Not preently. And yes, there was a buffer overflow issue with debug enabled. That has been fixed in the master branch already, though, by @zachary I think.
The tests above were from locally compiled firmware, using the 2014-q2 (latest) version of arm-gcc and with the latest master branch of core-firmware
, core-communication-lib
and core-common-lib
.
Remember also the workaround I found, above ...
As far as I can tell, really nothing changed in the handshake protocol side of things, between tag:spark_6
and later versions. Thus it seems that the only real change relating to this SOS problem was the compiler version. (tag:spark_7 onwards will not build with that older compiler, due to errors around a missing include file relating to atomic RAM access -- or something.)
Thus, my greatest current suspicion is that there's something going on with atomic RAM access (or failure to be so) which was introduced with the latest compiler and/or some code somewhere to take advantage of that new feature. OR, that issue could be merely coincidental. But why does the problem sudden;y crop up when the later compiler is used (and needed) when there's no apparent changes to the protocols involved, themselves?
I'm beginning to suspect the multicast presence announcement issue means this is related to this thread:
http://community.spark.io/t/simple-udp-program-breaks-the-core/4791/56?u=dave
I have tested that using all the latest master branch for the 3 repo and the latest master for spark-server works well.
You might want to update everything and test again or I will be happy to help troubleshoot.
@dave, during my test, having a 50us delay between each sendto ()
for multicast will not cause SOS
EDIT: @Dave, @kennethlimcp ... ignore this. Something went wrong with my git pulls
. The latest master DOES appear to have fixed the local cloud issue, after all!
Whilst I do not doubt that you have, is it not also true that you could not replicate this SOS problem on your hardware in the first place?
I have double-checked everything. My results are correct.
Yes i am able to replicate the SOS problem.
So the question is, you are saying that you are getting SOS still with all the latest fix?
EDIT: @Dave, @kennethlimcp ... ignore this post. Something went wrong with my git pulls
. The latest master DOES appear to have fixed the local cloud issue, after all!
That's very interesting.
EDIT: Meaningless nonsense removed by its author.
EDIT: @kennethlimcp … ignore this post. Something went wrong with my git pulls
. The latest master DOES appear to have fixed the local cloud issue, after all!
EDIT: Embarrassing, time wasting nonsense removed by original author.
@Dave, @kennethlimcp, et al …
The latest master branch (as at 2014-08-29 NZT) HAS fixed the local cloud fault on my set-up, contrary to my errant claims above.

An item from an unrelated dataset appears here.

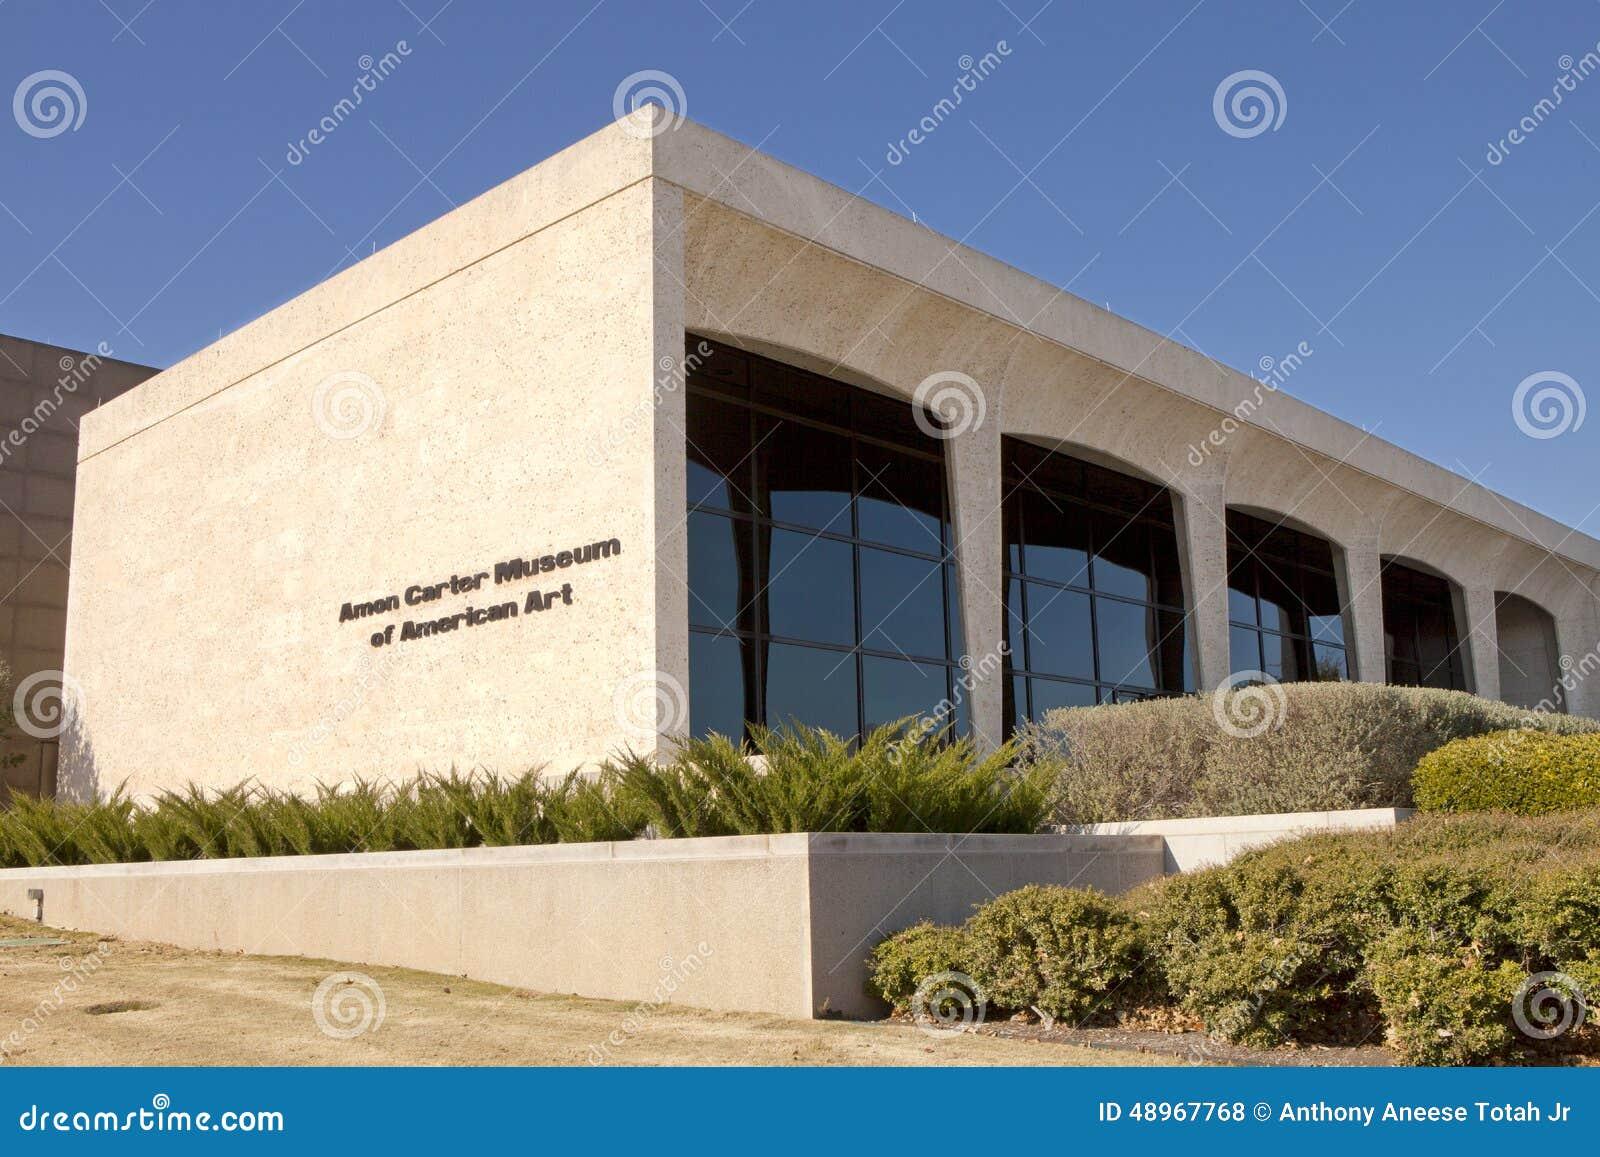 Amon Carter Museum di arte americana

I am utterly perplexed as to what happened, but somehow my git pulls (several of them, earlier) didn’t actually get the latest version, until this last one this afternoon. I thought the latest pull grabbed a shiny new commit, since just earlier today. But according to GitHub, the last commit was nine (9) freaken days ago. I’m very confused and embarrassed … but also very happy that the problem has been resolved! My reputation in tatters … and not for the first time! LOL
Thanks guys.
EDIT: This is also with my locally compiled core-firmware, using the latest ARM-GCC v2014q2. So that entire line of reasoning I had from before can be put to rest. Thank goodness, because it was just getting too crazy!
Huzzah! I’m very happy to see this fixed, in any case Thanks for all the troubleshooting and testing!